A Way Through founders, Jane Balvanz and Blair Wagner are dedicated to helping parents understand today’s girls and the peer pressure, friendships, relationships and so much more they face today.
Bullying has become a hot topic that needs to be addressed and needs to stop. Blair Wagner writes an interesting and educational article about bullying and the myths many believe.
Are You Believing the WRONG THINGS About Female Bullying?
It’s a common thought in parenting circles to think that girls shouldn’t treat each other this way. Says whom?
Try this on… Girls should all get along perfectly, have exquisite emotional and social skills, and treat everyone with the utmost respect. Can you hear violins playing sweetly in the background?

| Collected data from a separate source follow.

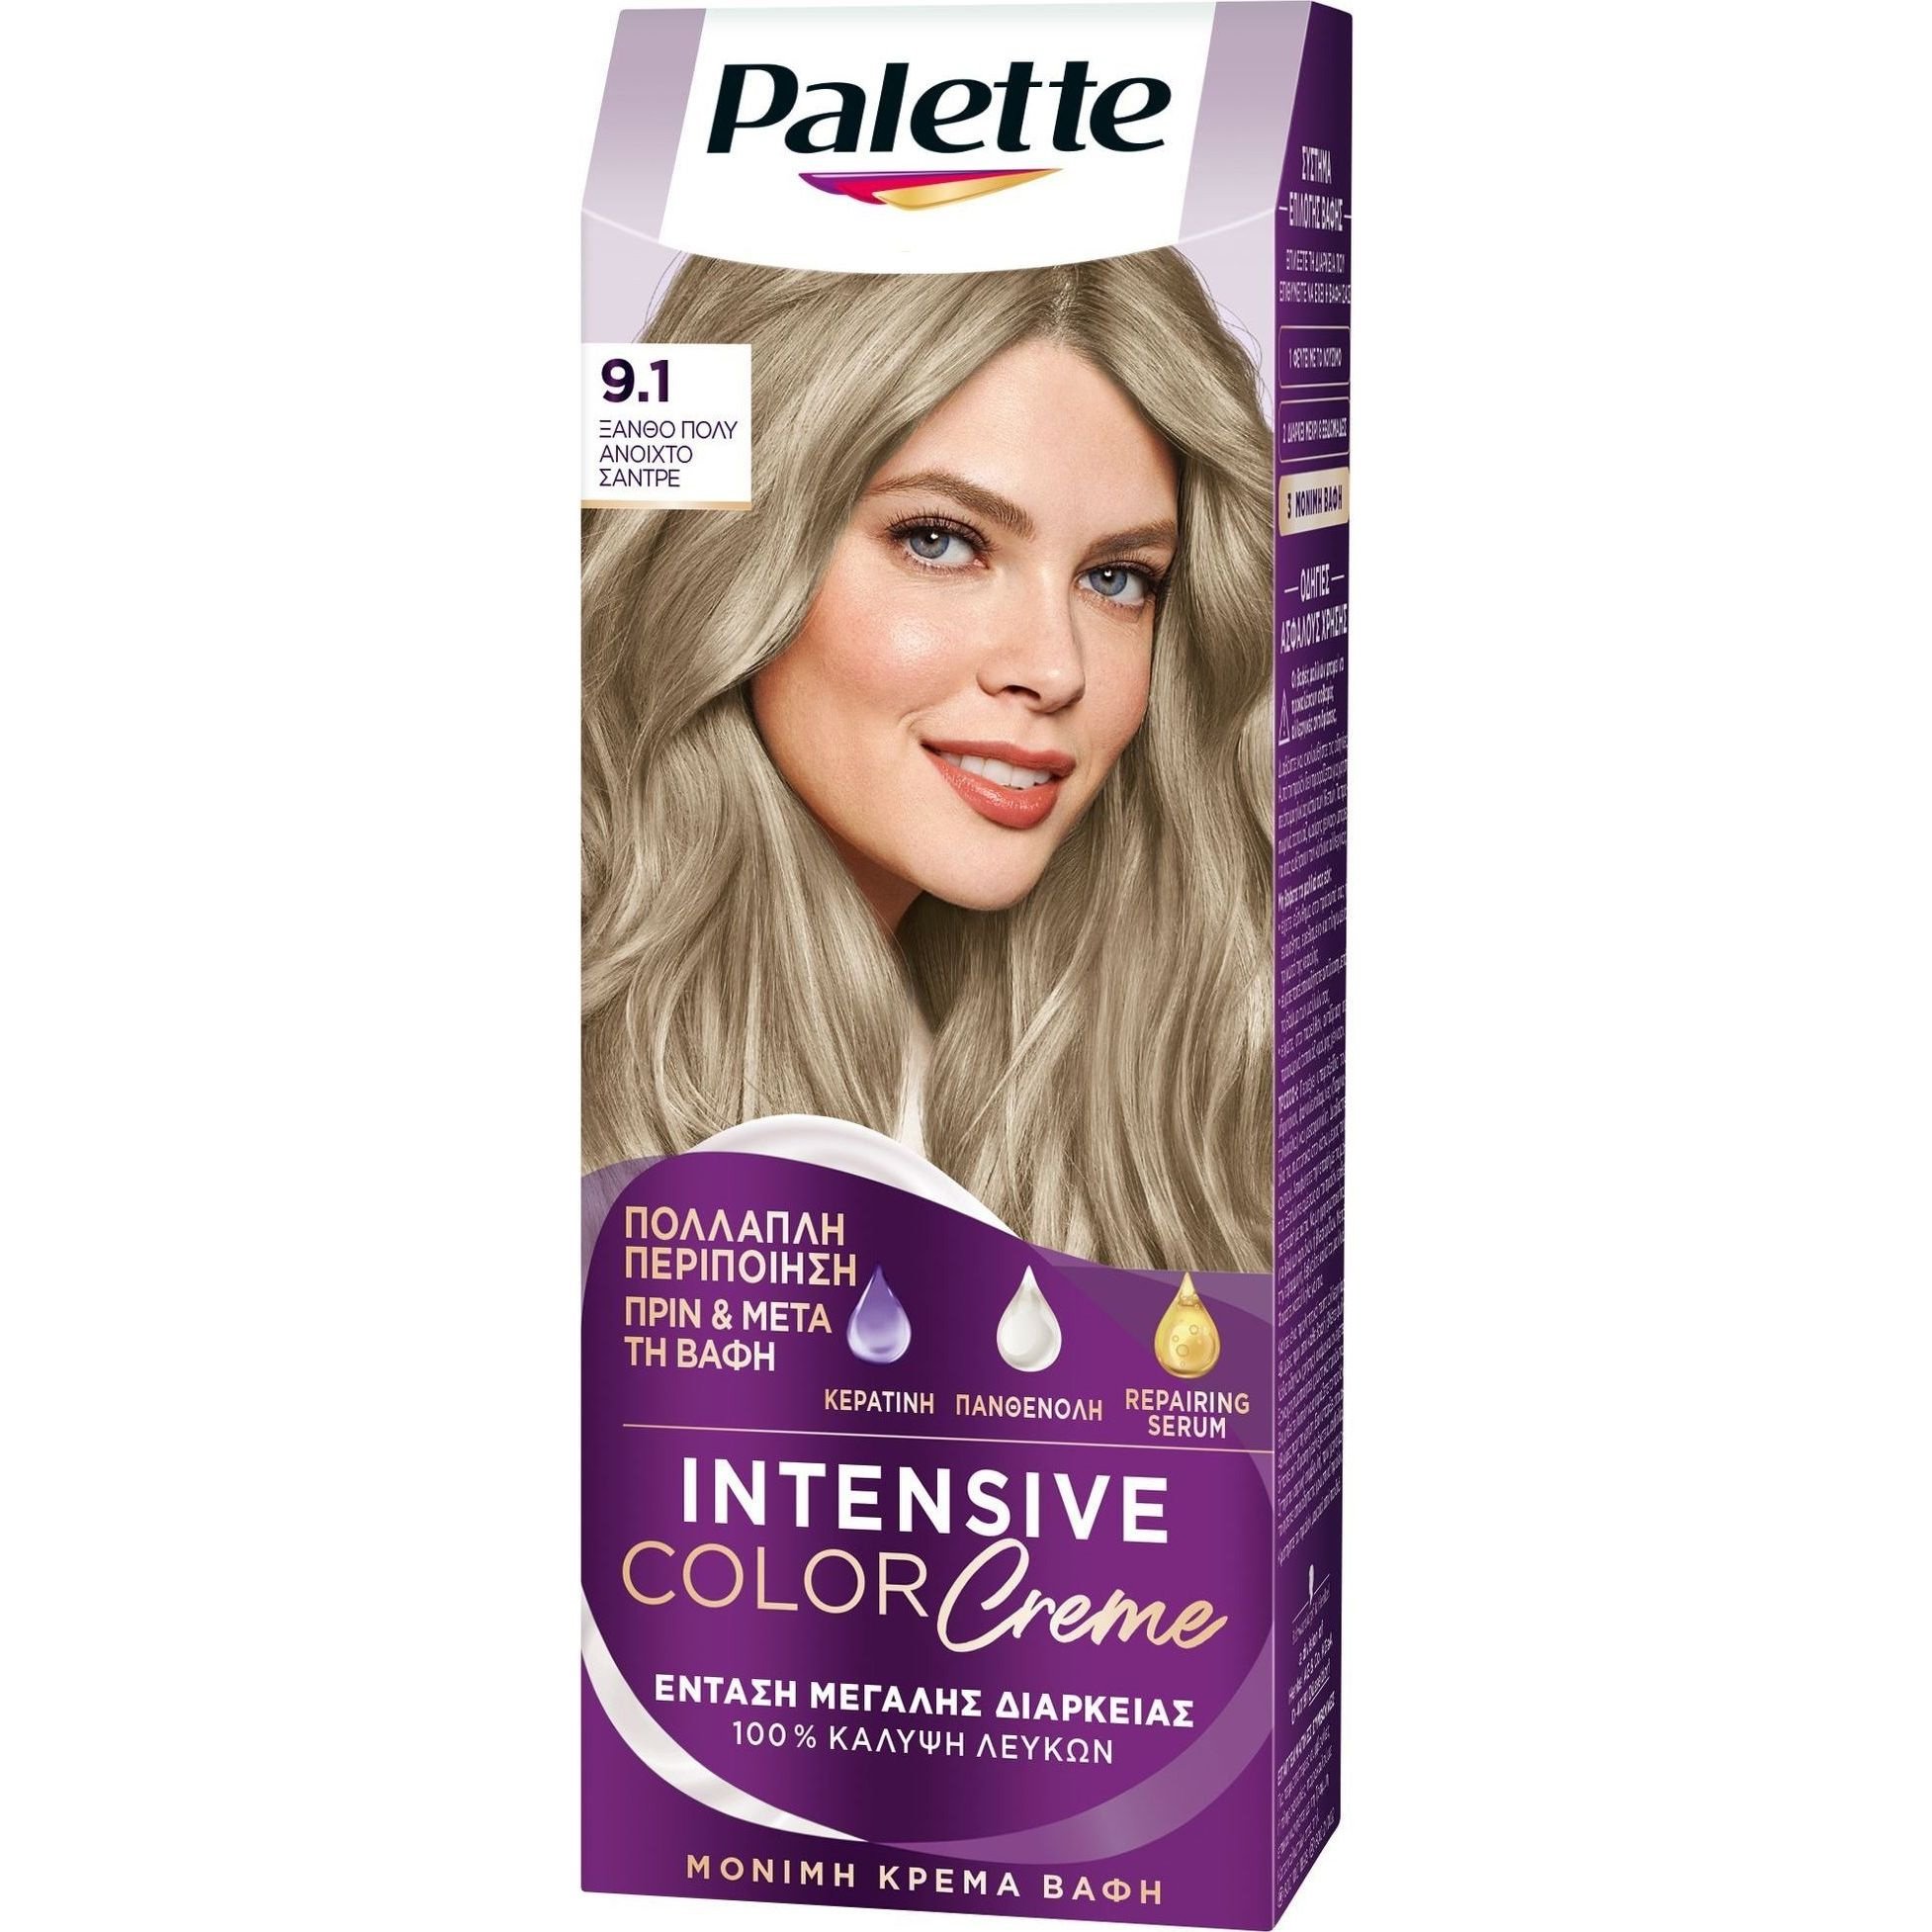 Schwarzkopf Palette Intensive Hair Color Creme Kit Μόνιμη Κρέμα Βαφή Μαλλιών για Έντονο Χρώμα Μεγάλης Διάρκειας & Περιποίηση 1 Τεμάχιο – 9.1 Ξανθό Πολύ Ανοιχτό Σαντρέ
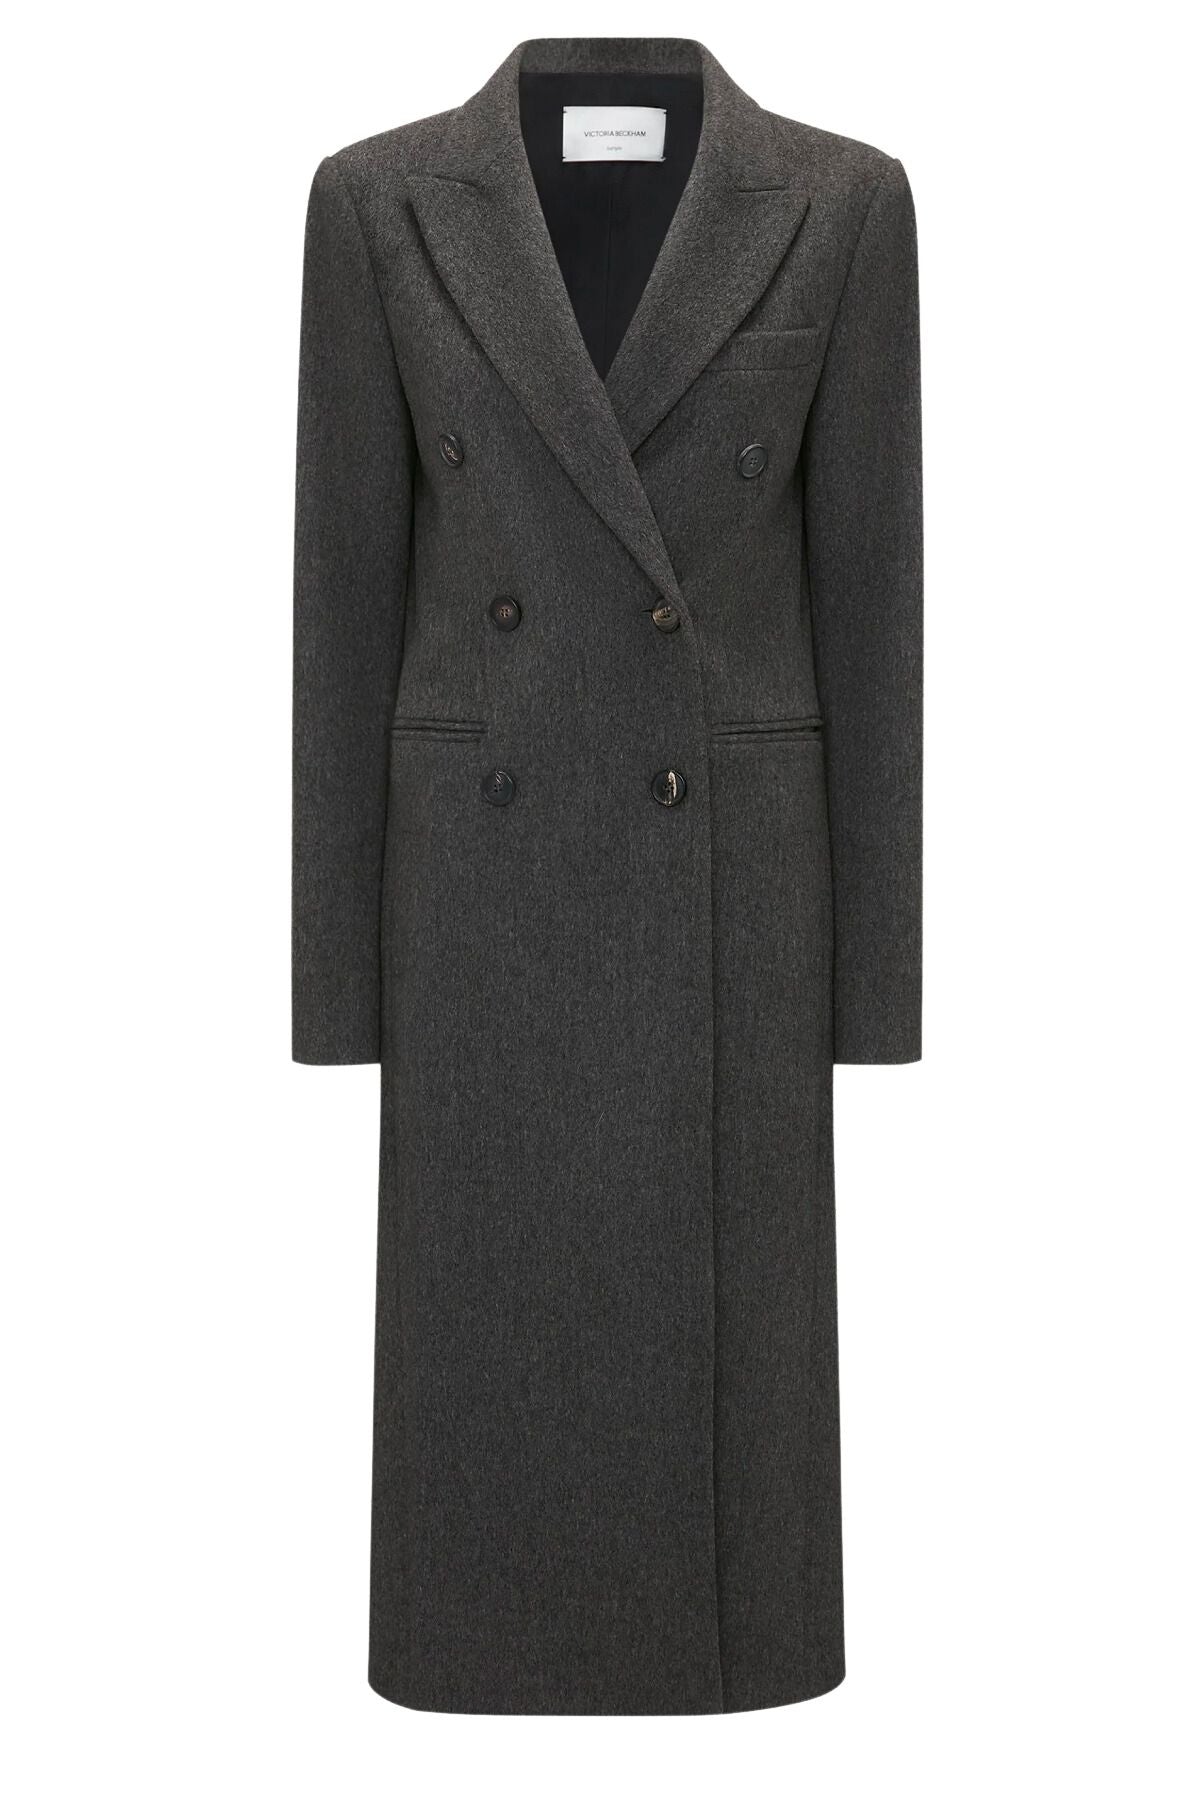 Victoria Beckham Tailored Slim Coat - Grey Melange
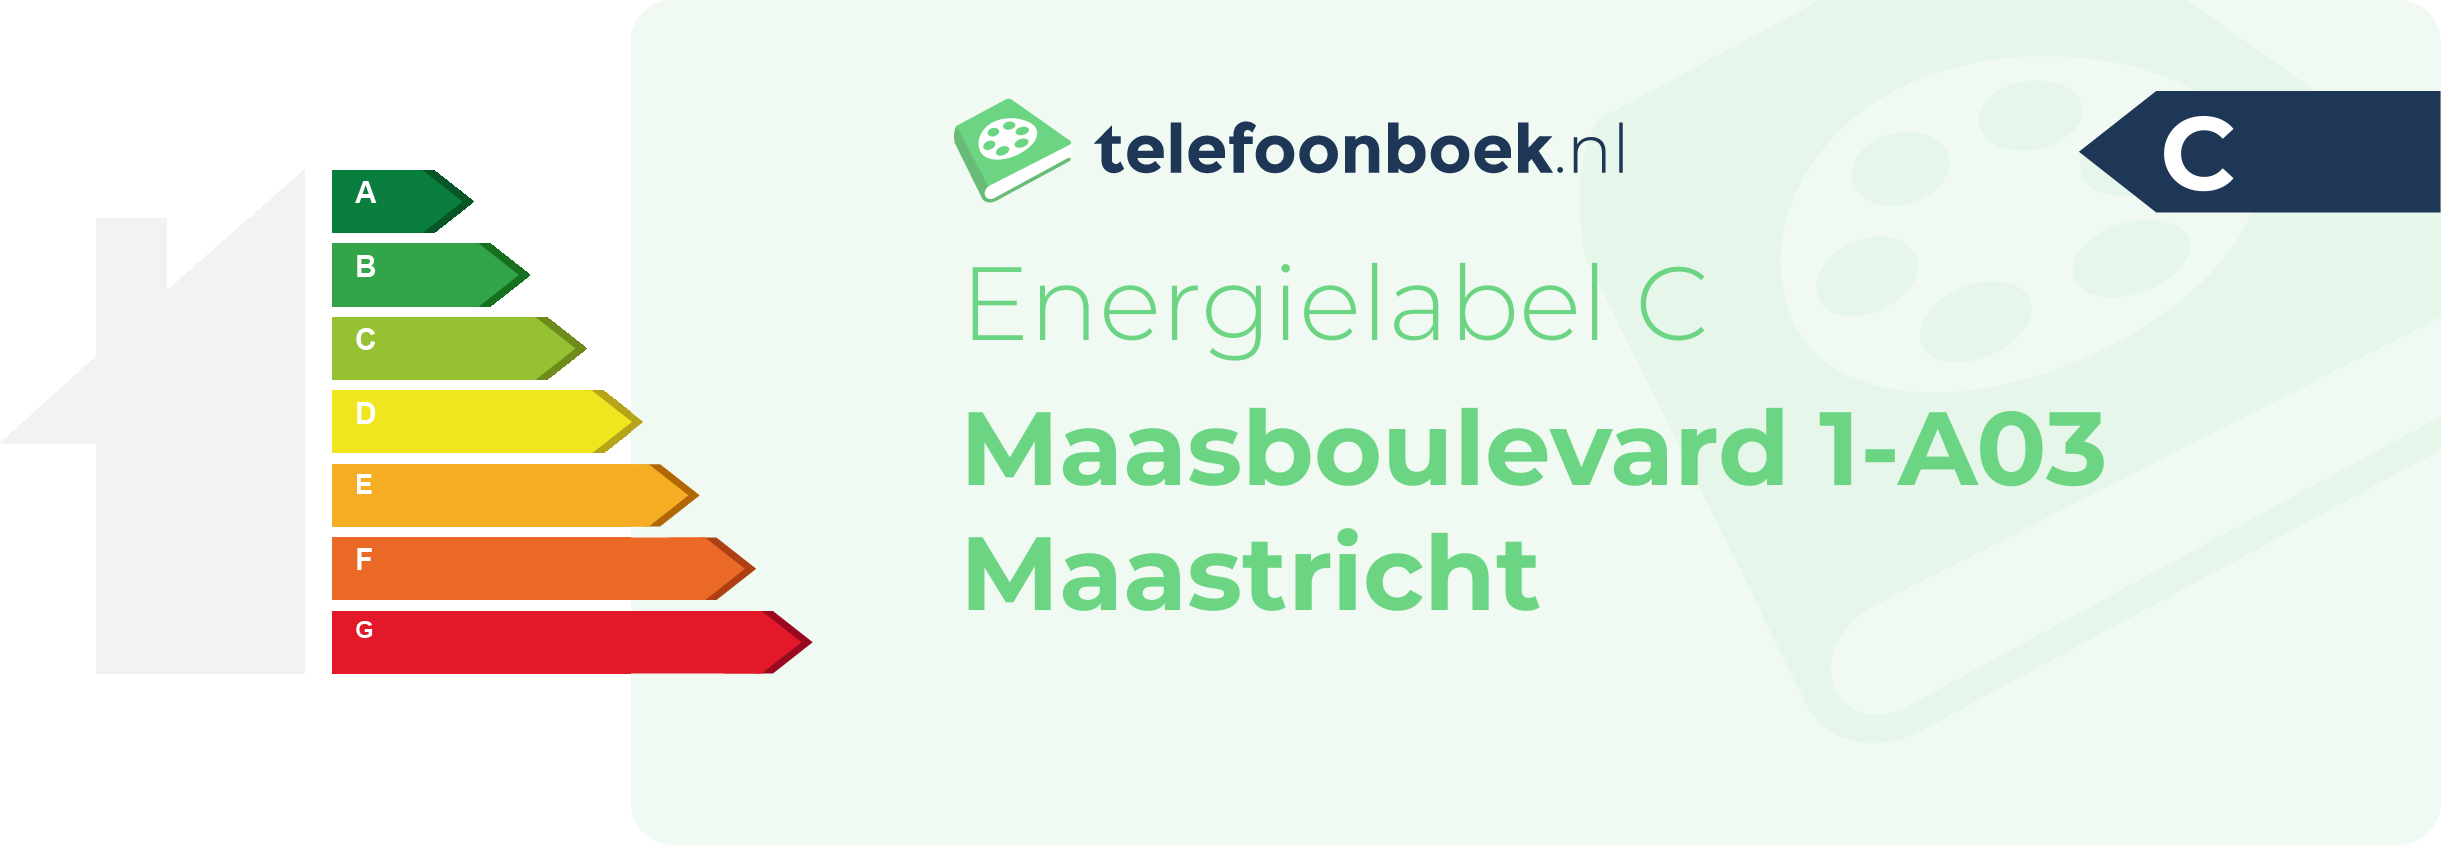 Energielabel Maasboulevard 1-A03 Maastricht

Yeah? Well, here’s the deal. It doesn’t work that way. And, it’s not supposed to work that way. Girls (like everyone else) are on this earth to maneuver through the contrast of our world (which is often sticky, and sometimes painful) to find what feeds their passion and to create joy in their lives. In order to do that and to become clear about what they DO WANT, girls need to experience what they DON’T WANT.
When we help girls recognize that some friends will feel good to be with and others won’t, girls can begin to make choices based on their inner guidance system (emotions). For myself, I’ve found the key to be a healthy combination of two things:
Lack of resistance (let others’ ugly behaviors roll off like water on a duck)
Conscious focus on what I want in my relationships
When I’m in that nonresistant, positive-focus zone, I find that beautiful people and experiences show up around every corner. Our work as girl guides is to help girls get into that zone.
Wrong Thing #2: Relational Aggression is Getting Worse and the World Is a Mess
With a little effort, we can find evidence to support any viewpoint on any topic. There are certainly visible signs of problems in our world, and we see statistics on how emotional bullying is affecting girls in increasing numbers. This is real. And yet, we get more of what we pay attention to.
There is so much well-being in this world; it far outweighs the lack of well being. When we look at relational aggression as an overwhelming, unsolvable problem, we add to the problem. We can’t solve relational aggression (or any problem for that matter) from a place of fear and overwhelm. Faith, curiosity, and optimism go much further.
Wrong Thing #3: Emotional Bullying Starts in Middle School
Yes, we see a peak of emotional bullying in the middle school years. But, as any kindergarten (and even pre-school) teacher will tell you, it starts very, very young among girls. Relational Aggression from a five-year old (“I won’t be your friend if you…”) may not be as sophisticated as from a thirteen-year old (“let’s start an I-Hate-Miranda web site”), but the pattern can and does begin in the pre-school years.
Savvy parents start very young guiding their daughters to connect with their personal power and to find and cultivate friendships that feel good.
Wise educators see relational aggression as an issue that needs to be addressed as young as kindergarten. Schools that implement common language and strategies within their school community (and consistently teach these to the youngest of their students) will find they have less relational aggression among their female students as they head into their teens.